Прошло года полтора… В 1944 году приближалась Красная армия, и немцы сожгли соседнее гетто. Когда нас освободили, мы пошли вслед за Красной армией. Помню не только раненых людей, но и лошадей, и коров. Мы двигались за фронтом – иногда пешком, иногда на машине. Нас кормили кашей, хлебом. Наконец, добрались до города. Его совершенно разбомбили, но наш дом уцелел…

МИР

А лампочка сияла в полнакала
с необъяснимо белой высоты.
Учительница горестно вздыхала –
я рисовала черные цветы,
а больше ничего не рисовала.
На всех уроках – чёрные цветы.

Эти строки Алла напишет спустя много лет. Так выходила из души война – черными цветами. В школу она ходила редко, больше занималась дома, поскольку все время болела: обнаружили открытую форму туберкулеза, с кавернами, да еще ревматизм. В 1947 году они переехали в Бендеры, где жил брат матери с семьей. Мать, как и до войны, стала работать в детском доме. Мэра училась в школе, а Алла – дома.

– Я была доходяга, длинная, с тонюсенькими руками и ногами. Мама подрабатывала шитьем. Помню, приходили заказчицы и говорили, не стесняясь: «Вот старшая у Вас – красавица, а эта… жалко девочку». Когда у меня выделялись туберкулезные палочки, я лежала в больнице, иногда по полгода. Мама и Мэрочка терли морковку, яблоки. Тогда появился стрептомицин, но его невозможно было достать. В шестом классе я перешла в вечернюю школу. Но закончила ее только в 22 года, поскольку подолгу лежала в больницах. Зато очень много читала. Долгие годы я фактически была выброшена из общества, и вся моя жизнь, особенно в Немирове, проходила во дворе, среди травы, большущих лопухов, бабочек, стрекоз, разных букашек. Там же, во дворе, была огромная противопожарная бочка, всегда наполненная водой. Когда мне бывало грустно, обидно, одиноко, я уходила туда и представляла: этот лягушонок – такой-то персонаж, эта стрекоза – такой-то. И только с ними мне было хорошо. Я маме благодарна на 200 процентов: она нас спасла во время войны и потом всю жизнь нам отдавала. Но я выросла в суровой скромности… У меня были длинные, тяжелые косы, и вот однажды я отрезала себе челку. Мама с осуждением сказала: «Ты что, ты мальчикам хочешь нравиться?» А мне уже было 15 лет. Меня любили, но какой-то строгой любовью. А там, во дворе, за бочкой, начинался мой мир. Приходила собачка с покалеченной лапкой, больные кошки. И тогда я обращалась к папе: «Папа, помоги мне, ты же умеешь!» Клала руку на больное место, животные понимали, что я их лечу, и передавали друг другу что-то обо мне – приходили совсем незнакомые кошечки, собачки. И до сих пор приходят, приползают, прилетают – на четвертый этаж.
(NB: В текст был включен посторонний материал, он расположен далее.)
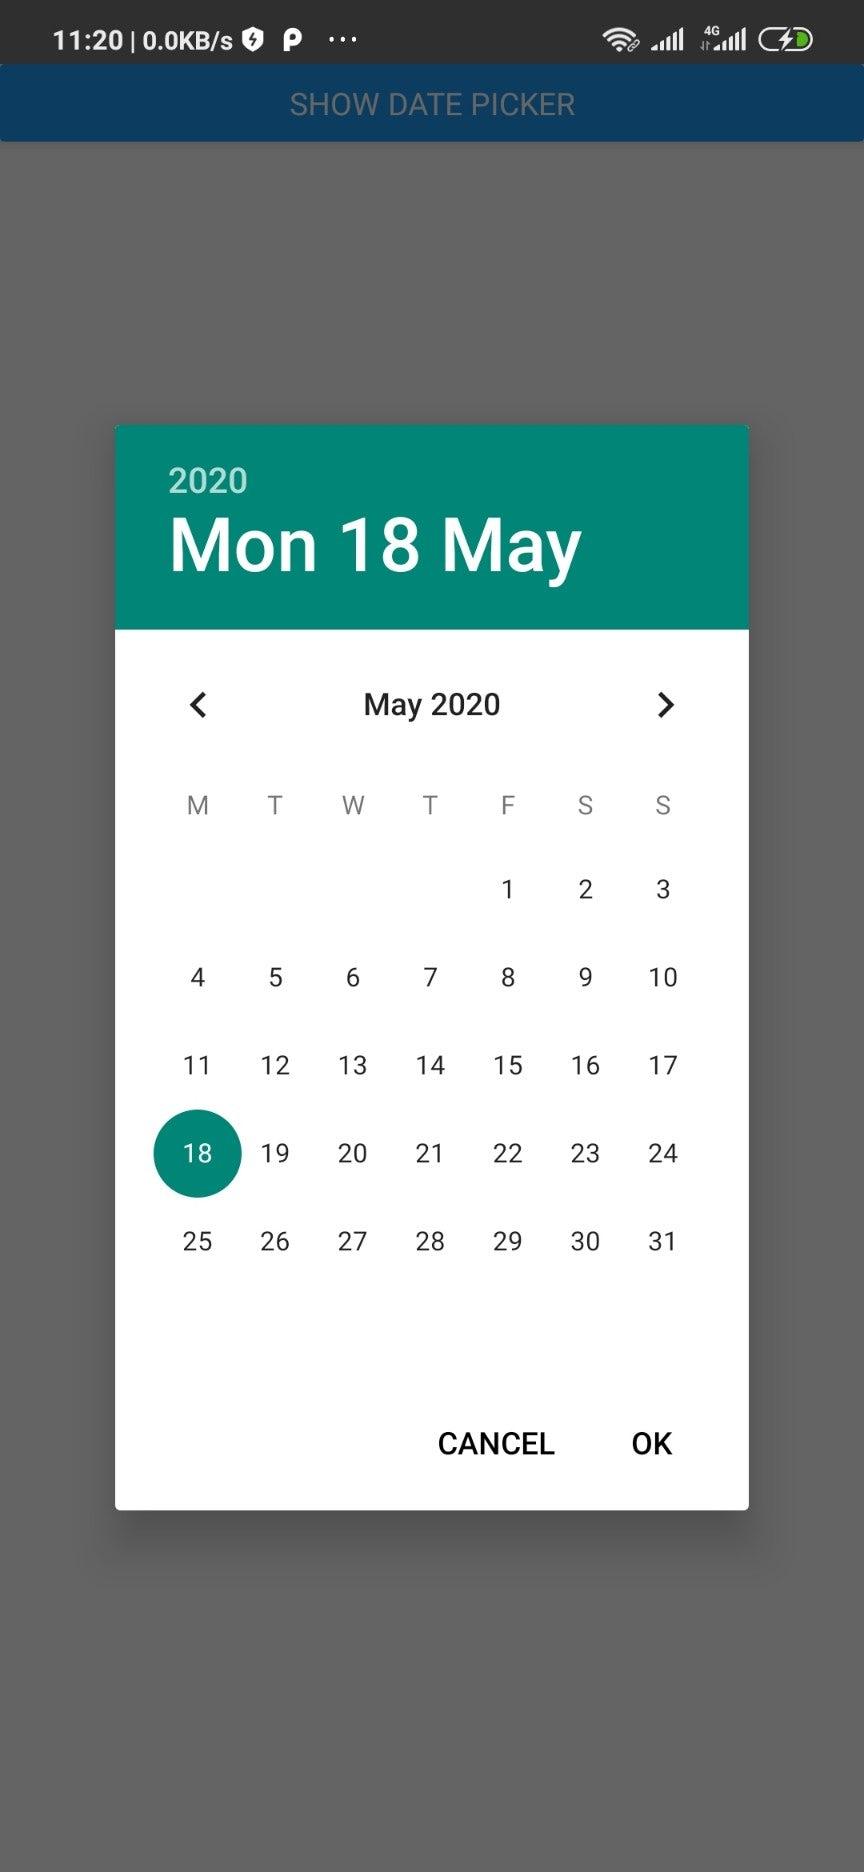 Screenshot_2020-05-18-11-20-19-158_com.reactnativetutorials-864x1872.jpg
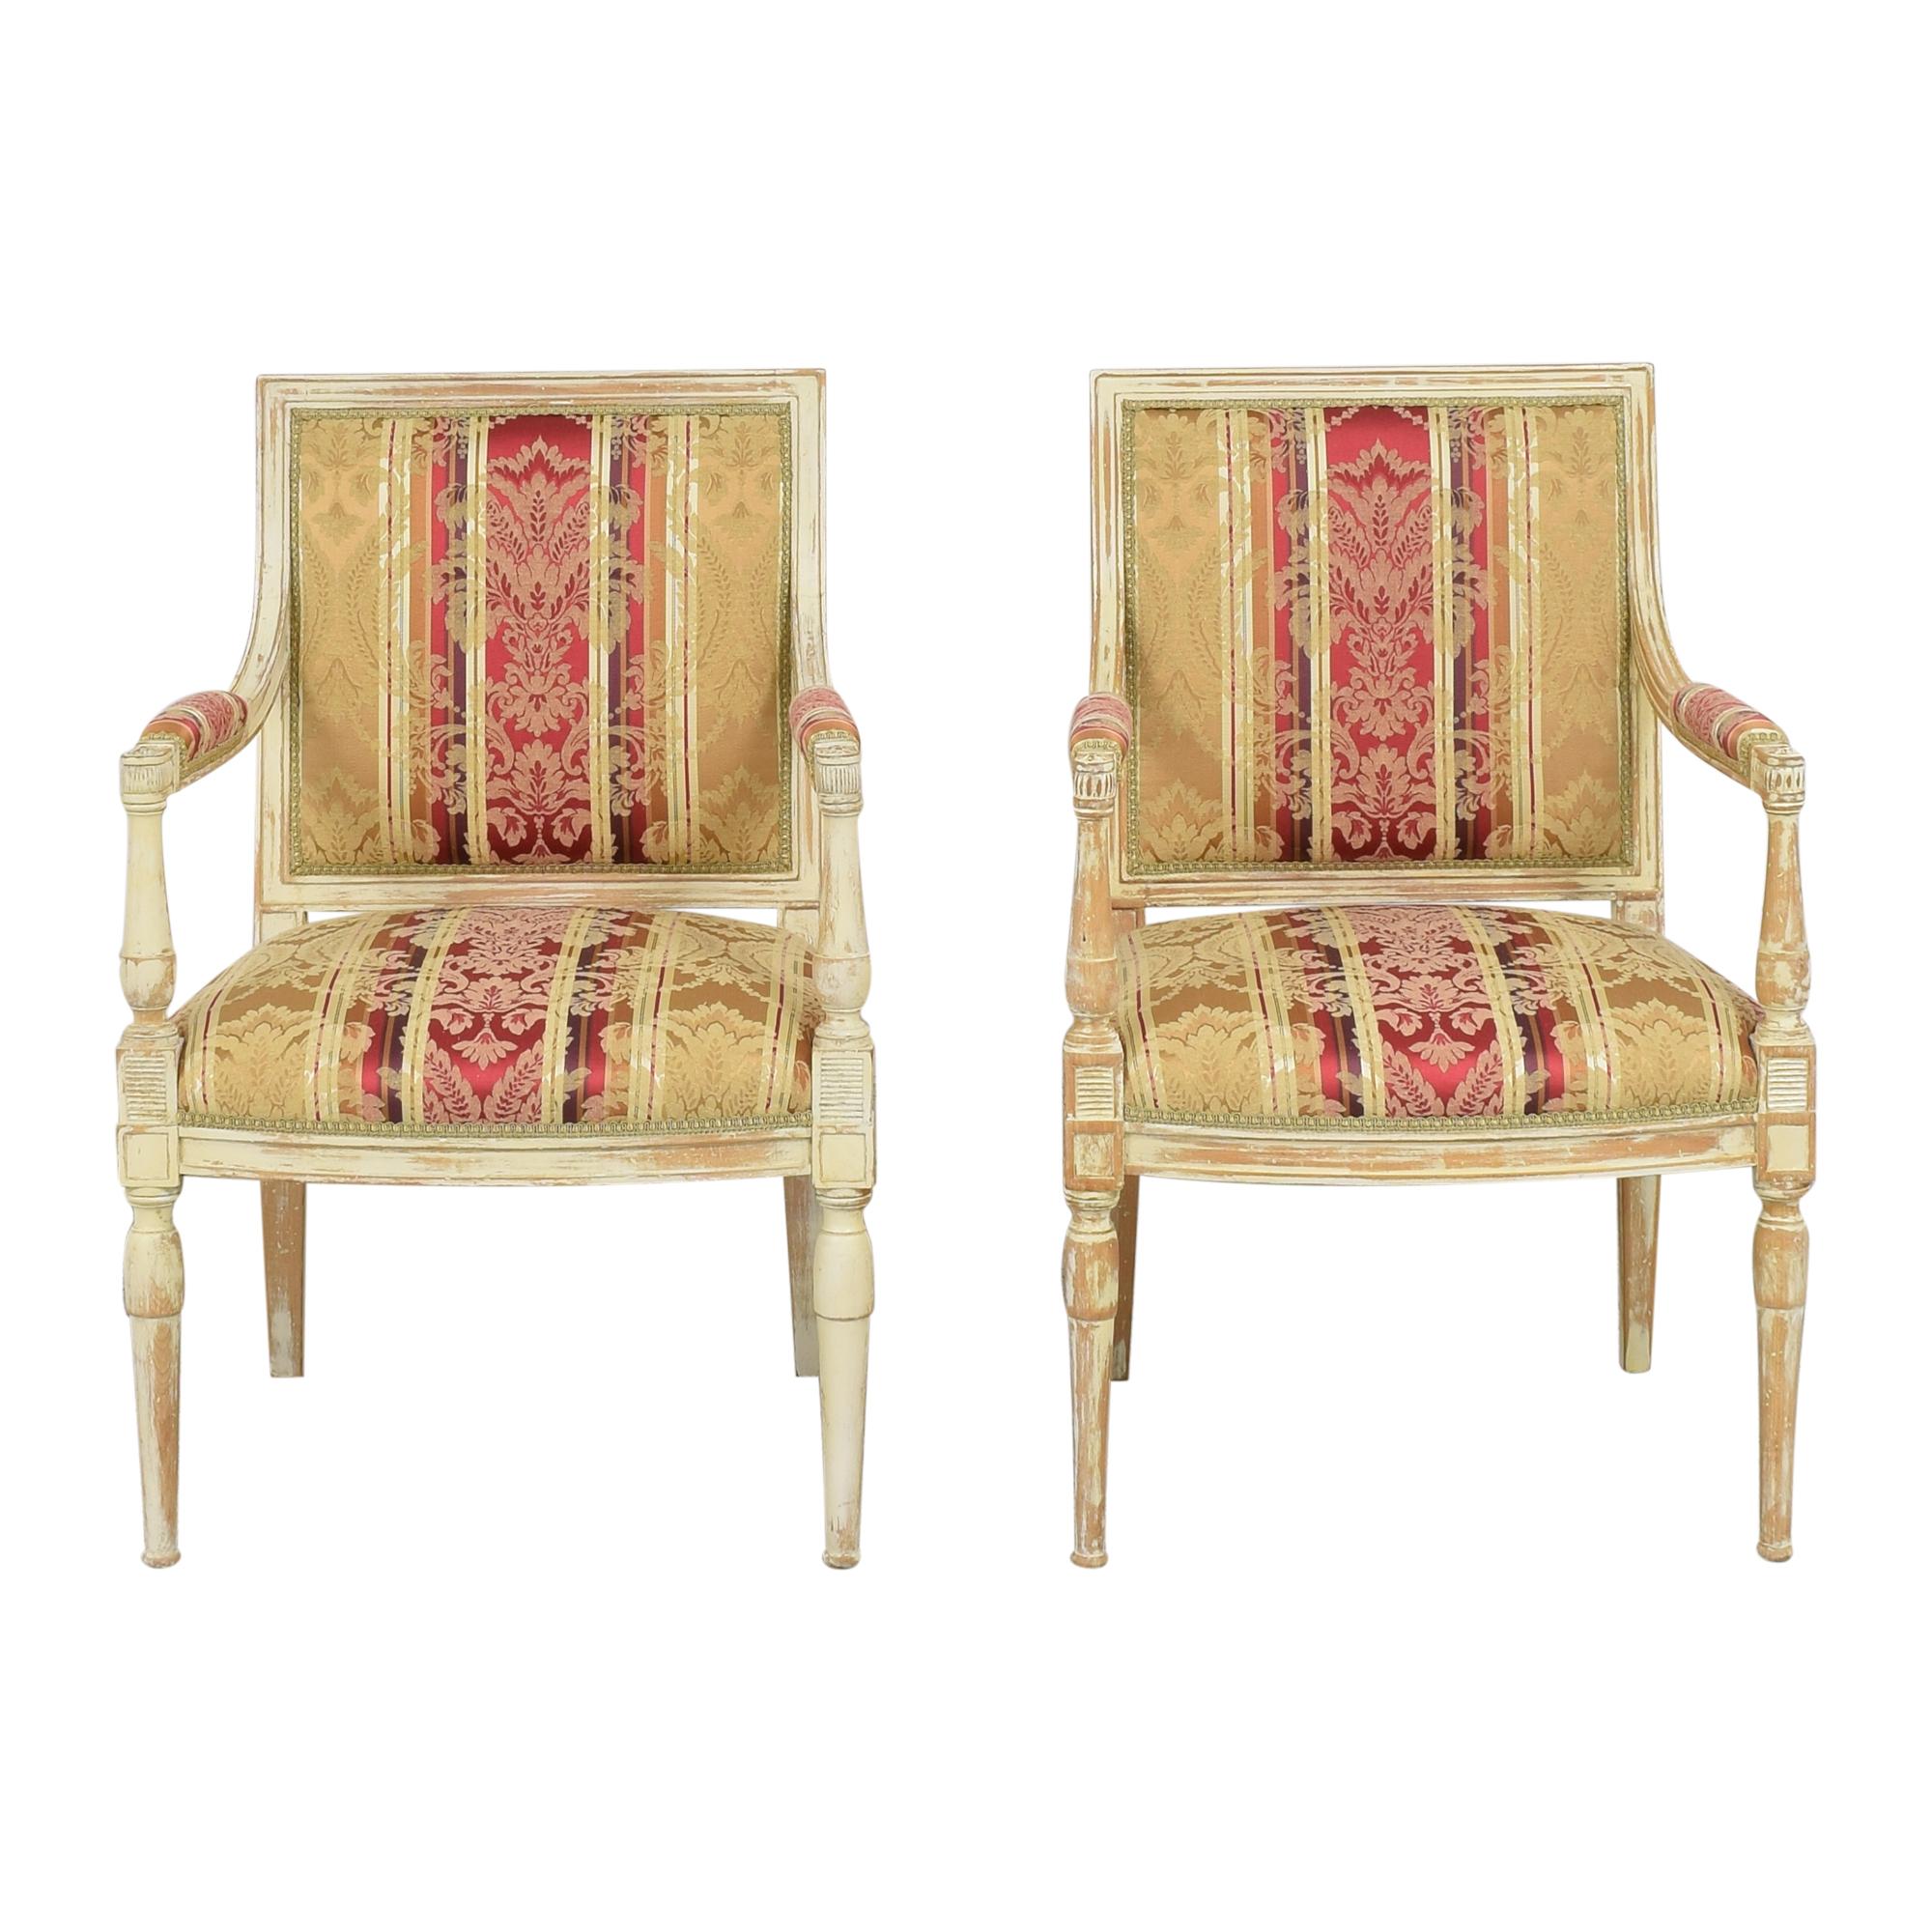 shop ABC Carpet & Home Louis XVI Style Chairs ABC Carpet & Home Dining Chairs

И до сих пор Алла разговаривает – с животными и растениями, с небом и морем, с дождем и ветром.

Старый мой кактус
крысы подгрызли.
Лежит на боку
и вспоротым сердцем
плачет.

К стихам Алла вернулась лет в тринадцать. Пришла в литобъединение при газете. Однажды из Кишинева приехал известный поэт Кирилл Ковальджи. Он послушал всех и сказал руководителю литобъединения: «Я хочу, чтобы эта девочка приехала в Союз писателей».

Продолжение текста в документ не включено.